BEGIN
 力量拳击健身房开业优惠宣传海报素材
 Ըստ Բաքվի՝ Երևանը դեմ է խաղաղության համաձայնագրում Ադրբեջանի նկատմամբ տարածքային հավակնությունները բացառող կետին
END
BEGIN
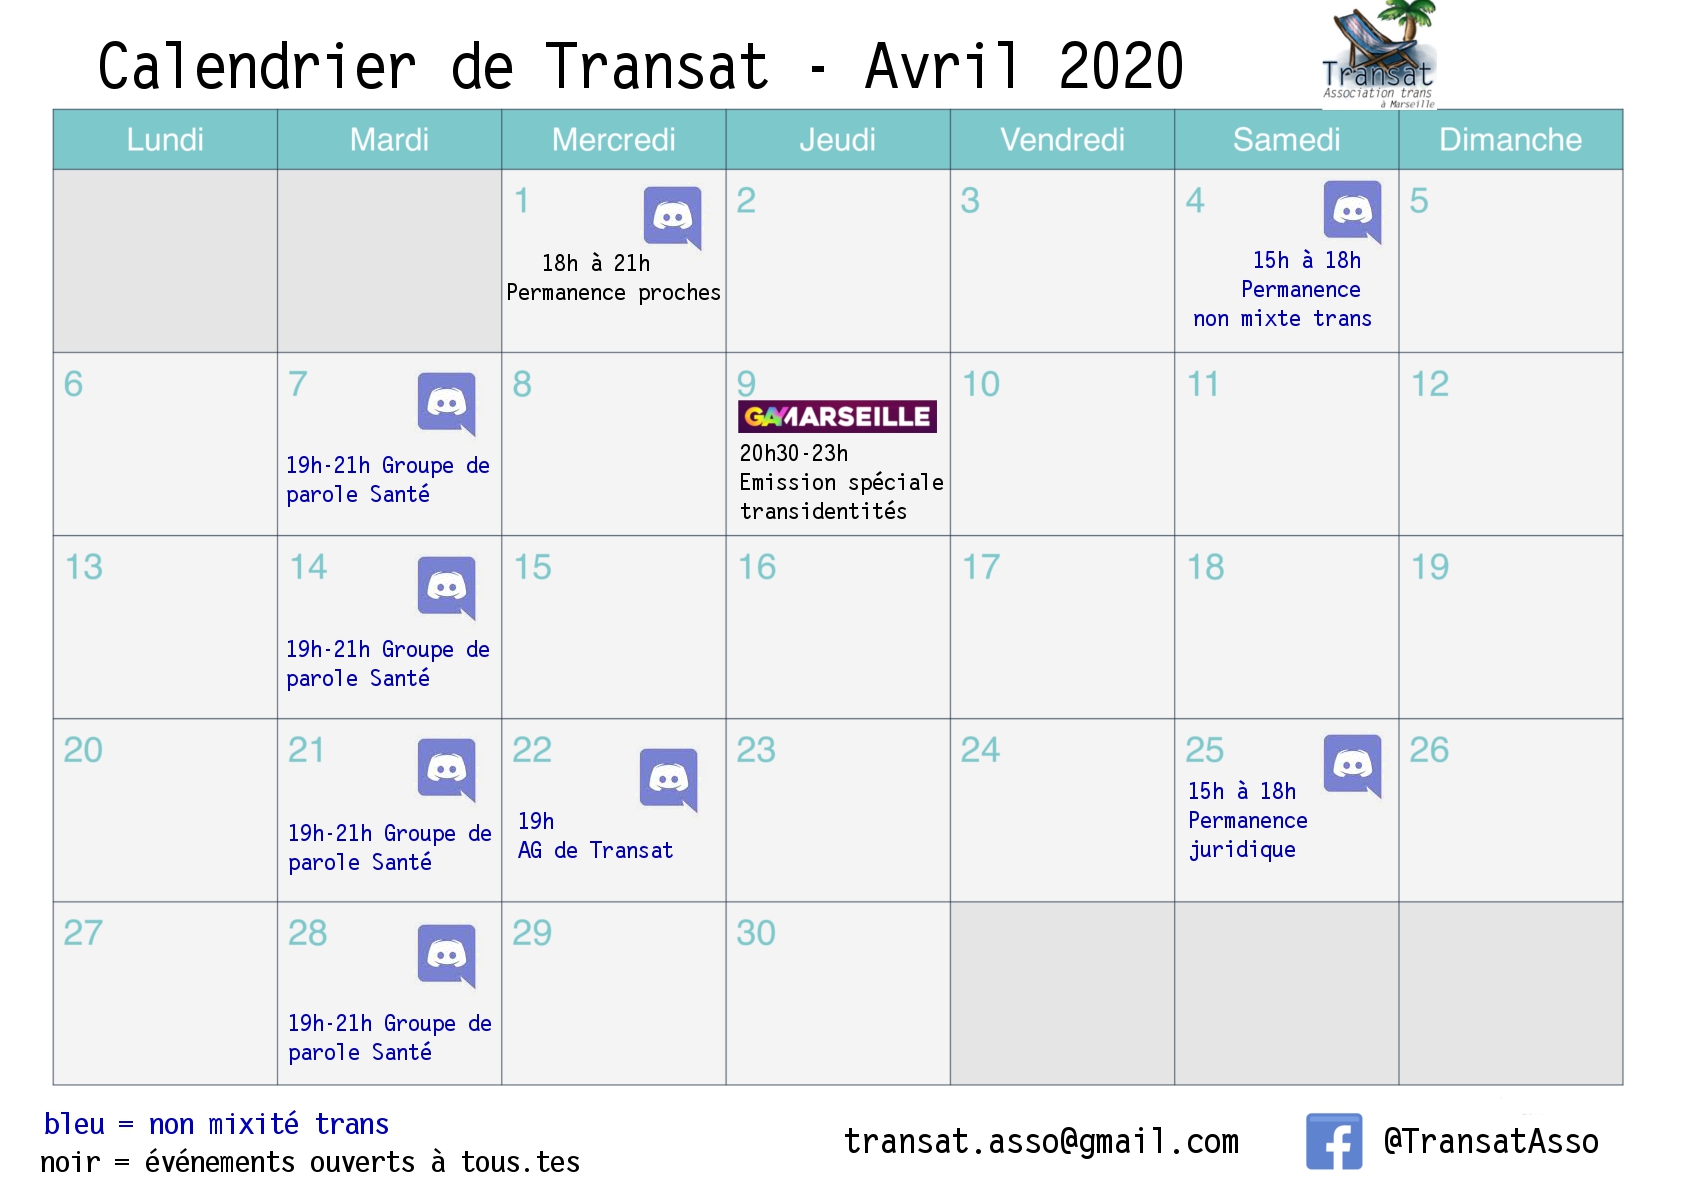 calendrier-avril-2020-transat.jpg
END
Starting at the line that has "力量拳击健身房开业优惠宣传海报素材" and ending at the line that has "Ըստ Բաքվի՝ Երևանը", please write out the lines above exactly, leaving out all others.

 力量拳击健身房开业优惠宣传海报素材
 Ըստ Բաքվի՝ Երևանը դեմ է խաղաղության համաձայնագրում Ադրբեջանի նկատմամբ տարածքային հավակնությունները բացառող կետին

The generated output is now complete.